I don't think I've done a TGIF posting in FOREVER.
How Am I Trusting
I am trusting my instincts. As you know, things at work are not going well and I'm trying to plan my future. I know what I want to do. And that's a wonderful feeling (sorry I'm not really sharing it yet, because I don't want to jinx myself hehehe). I can say that my plans could led to big changes, and I couldn't be more excited.
How Am I Grateful?
I am grateful for my supportive friends and family. With the crazy upheaval of my job, and not being certain of my future, I've been able to call old friends who have offered their help. I have been able to feel the support of new friends too.
I am also so grateful for the little things in life. Last night I went to Deere's house where his mom was hosting "Rise Above", a worldwide event in the support of fighting violence against women. It was wonderful to just dance and shake everything out from the past couple of weeks. Then afterwards, I wanted to get some food. Then Deere called me too see how I was doing. I told him I was going to get food and he was too!

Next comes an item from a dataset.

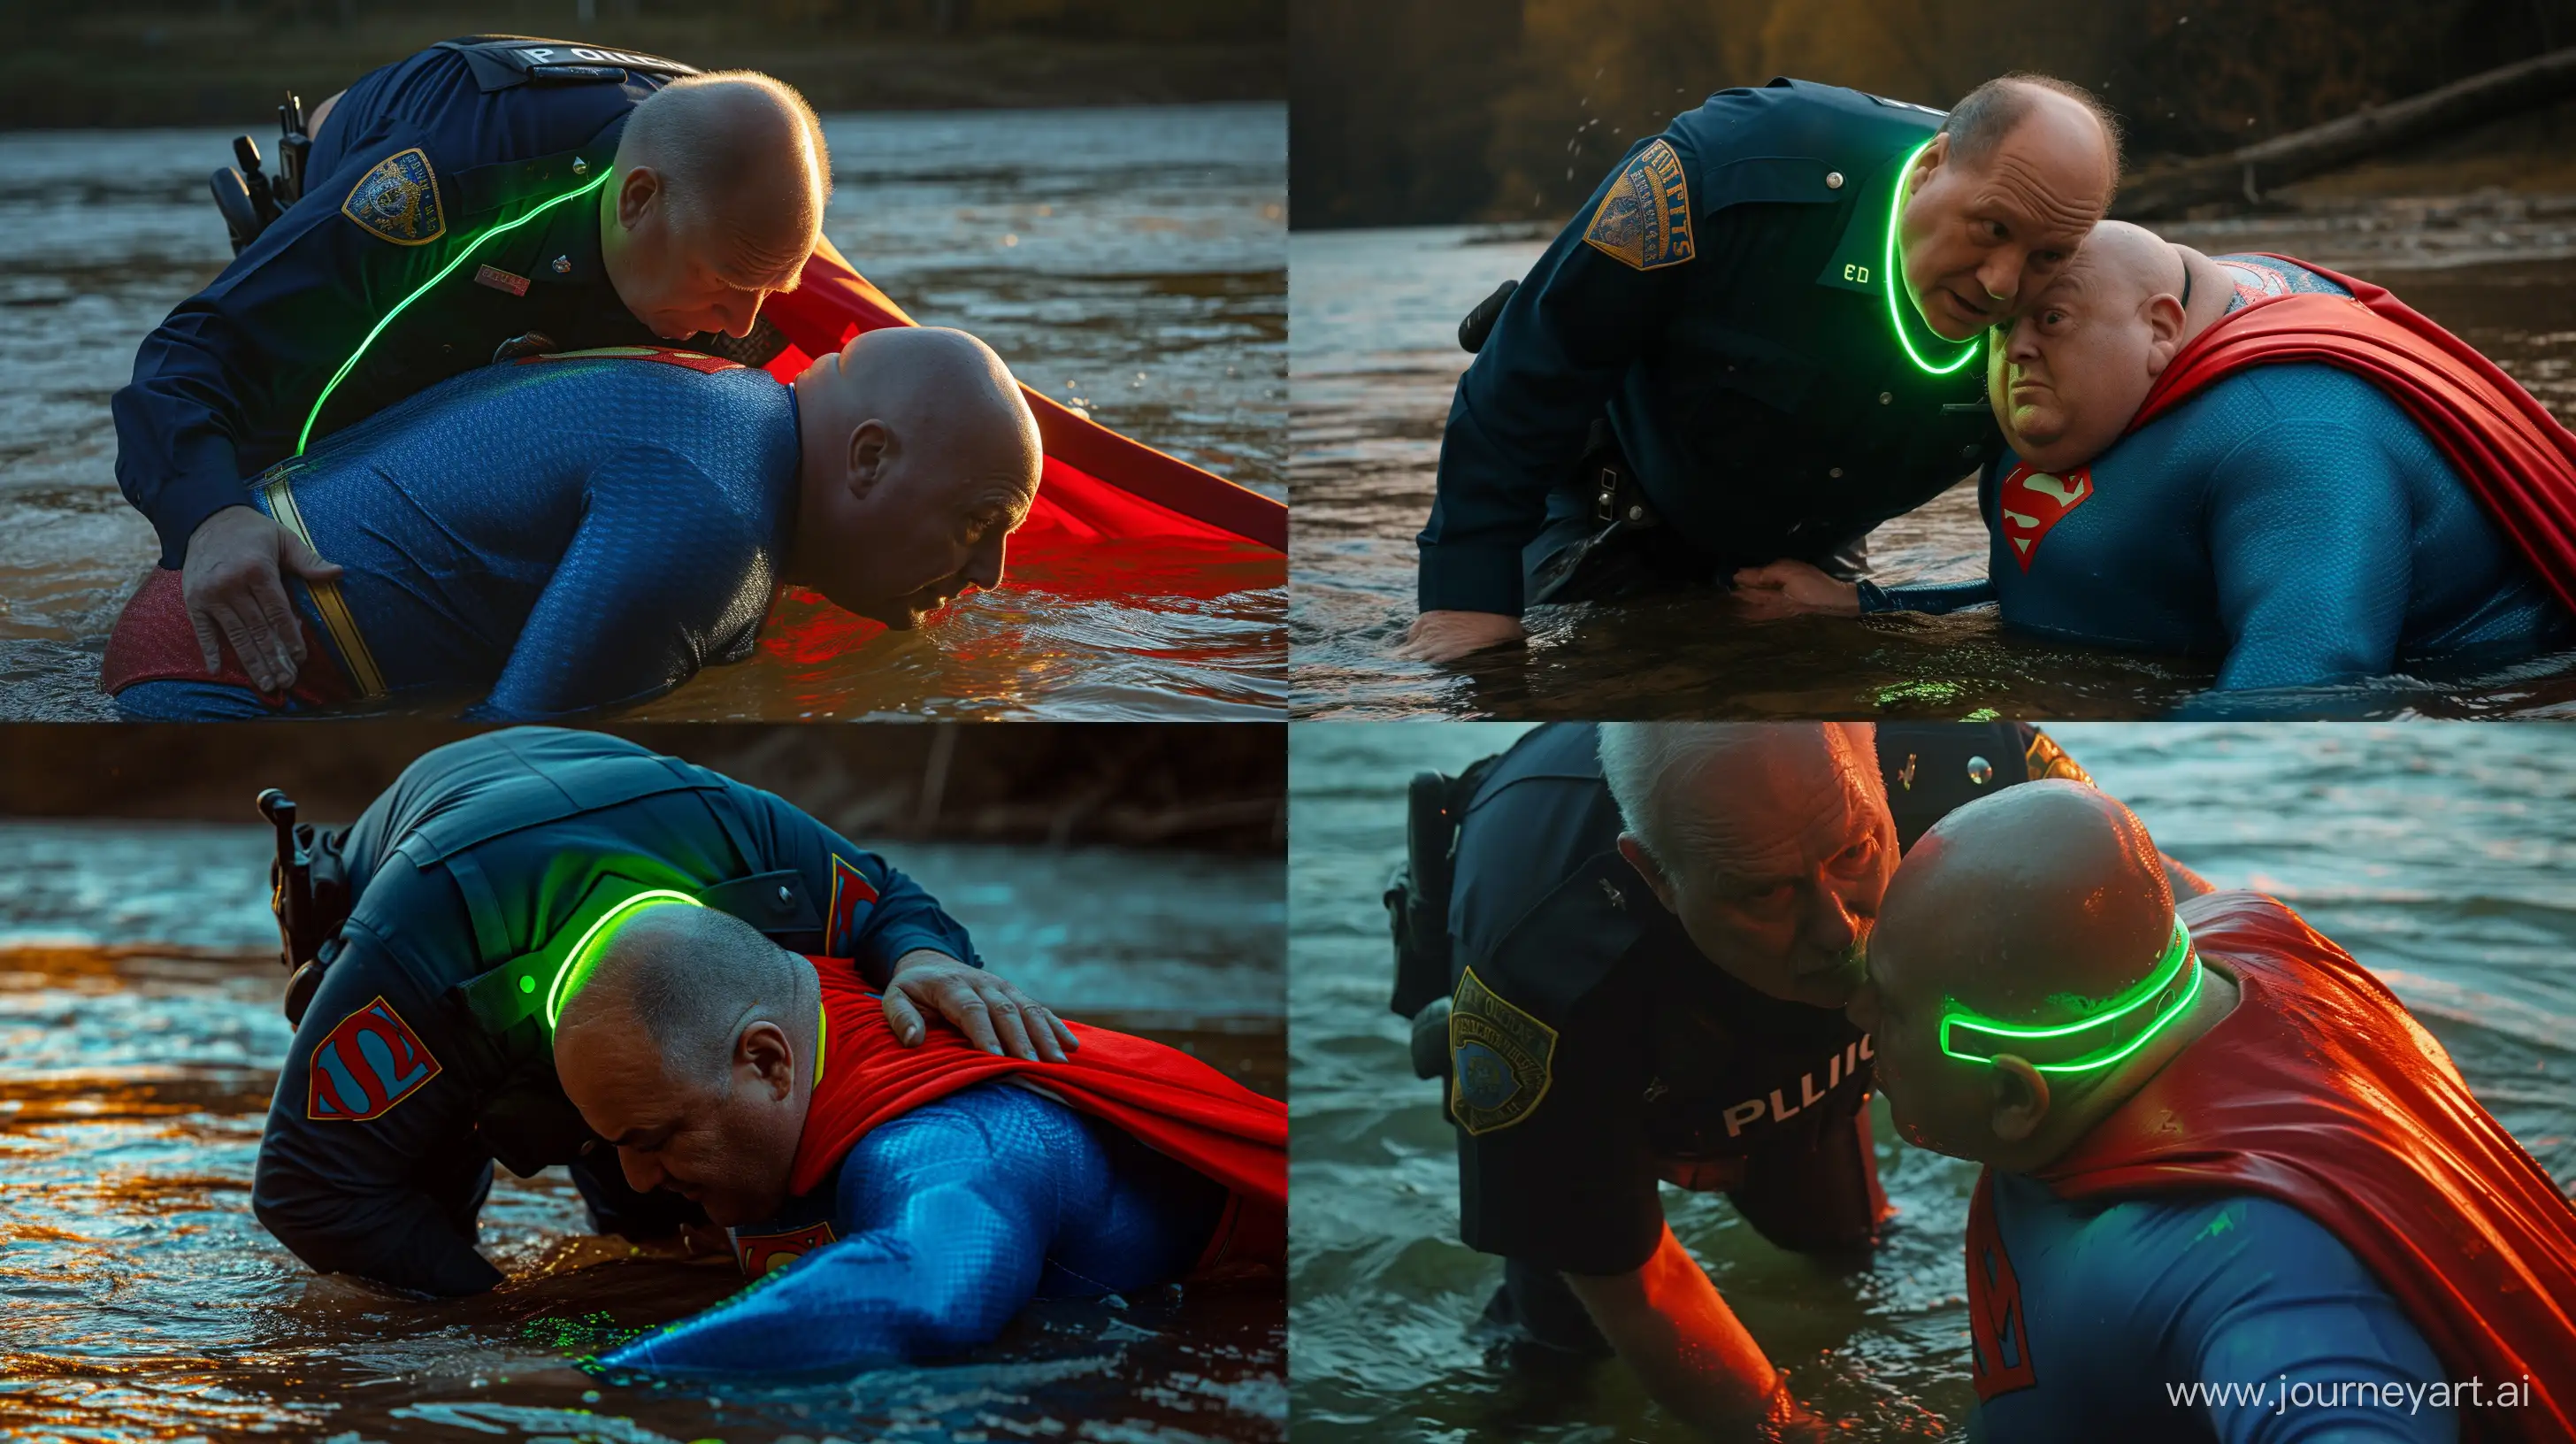 Eccentric-Scene-French-Policeman-Fastening-Neon-Dog-Collar-on-Vintage-Superman-in-River

So we met up and got some food together. It's the little, random, unplanned things in life that make it wonderful.
How Am I Inspired?
I am inspired by my past. I remember who I was. I remember what I loved to do, what I could handle, what I went through, what I wanted. I'm using the last three years to make sure I take care of myself during this interesting time.
How Am I Practicing My Faith?
The past couple of weeks have been putting my faith to the test. But I've been doing it, and doing it well. It feels so wonderful to just be able to break things down and breath. To talk myself down from whatever mental ledge I might be on because I know everything happens for a reason.